The pattern of findings is clear that the intervention had little
impact on students’ academic success even among sub-samples of
students who are traditionally assumed to benefit from this type of
intervention (e.g., minority, low income, and first-generation
students)... These findings support some of the emerging literature that
demonstrates that growth mindset interventions may not be as effective
as once thought... The proposition that a one-time intervention at the
postsecondary level will result in long-term measurable student
outcomes was not supported in the present study.
Now, a not-uncommon defense in a number of these cases in psychology is that the attempts to replicate didn't properly recreate the conditions or variables for a true test. The counter-argument here would be the observer-expectancy effect -- in some cases a primary researcher has even argued that only they have the necessary knowledge to ever do so. Indeed, Dweck has made the "not anyone can do a replication" argument (BuzzFeed News interview). In response, Nick Brown, who developed the GRIM (Granularity-Related Inconsistency of Means) test and found several errors in Dweck's seminal paper, said this:
The question I have is: If your effect is so fragile that it can only
be reproduced [under strictly controlled conditions], then why do you
think it can be reproduced by schoolteachers?

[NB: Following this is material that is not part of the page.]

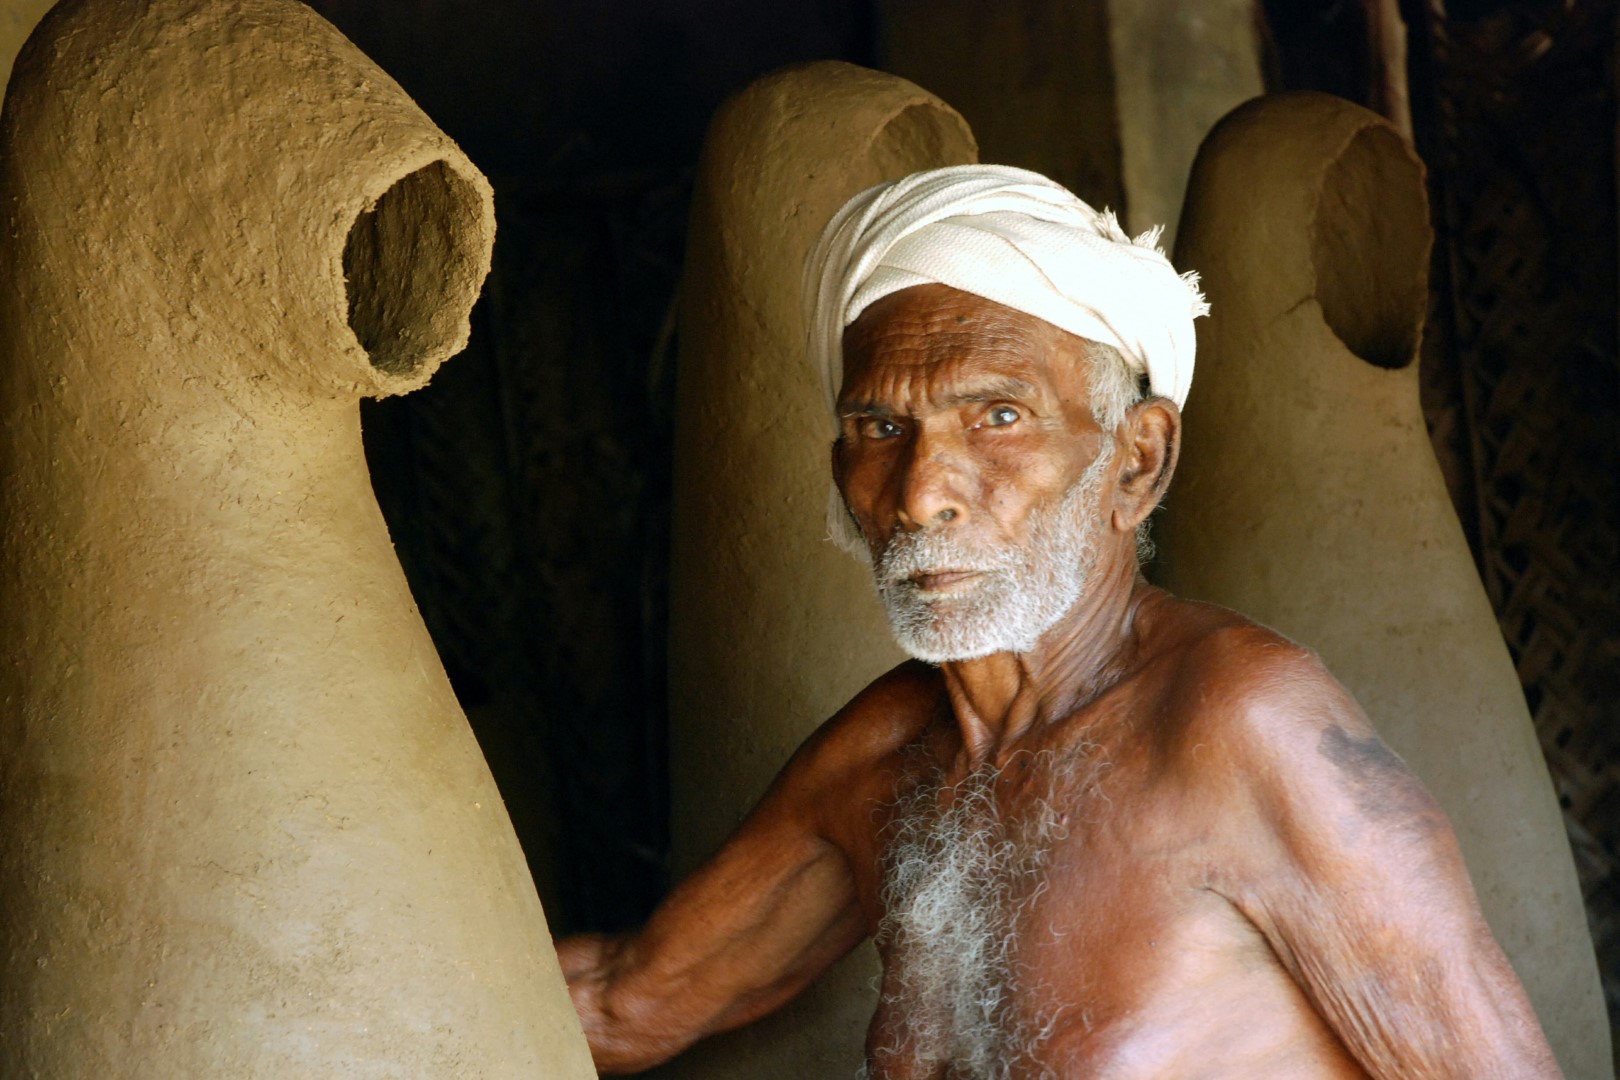 <span style="font-weight:normal;">Manikam, 87 years old when this photo was taken (2010), in his workshop.</span>

Finally, psychologist Russell Warne wrote on his blog:
I discovered the one characteristic that the studies that support
mindset theory share and that all the studies that contradict the
theory lack: Carol Dweck... So, there you go! Growth mindsets can
improve academic performance –if you have Carol Dweck in charge of
This is somewhat hyperbolic, but clarifies the issue at stake. Growth mindset theory fits fairly snugly into the basket of psychological "quick fixes" that make up the replication crisis, broadly cuts against long-standing findings from neuroscience on intelligence, and is racking up more failures-to-replicate as it garners more attention. Like other similar principles that came before, it's probably a bad bet that institutional interventions based on the theory will be worth the resources spent on them.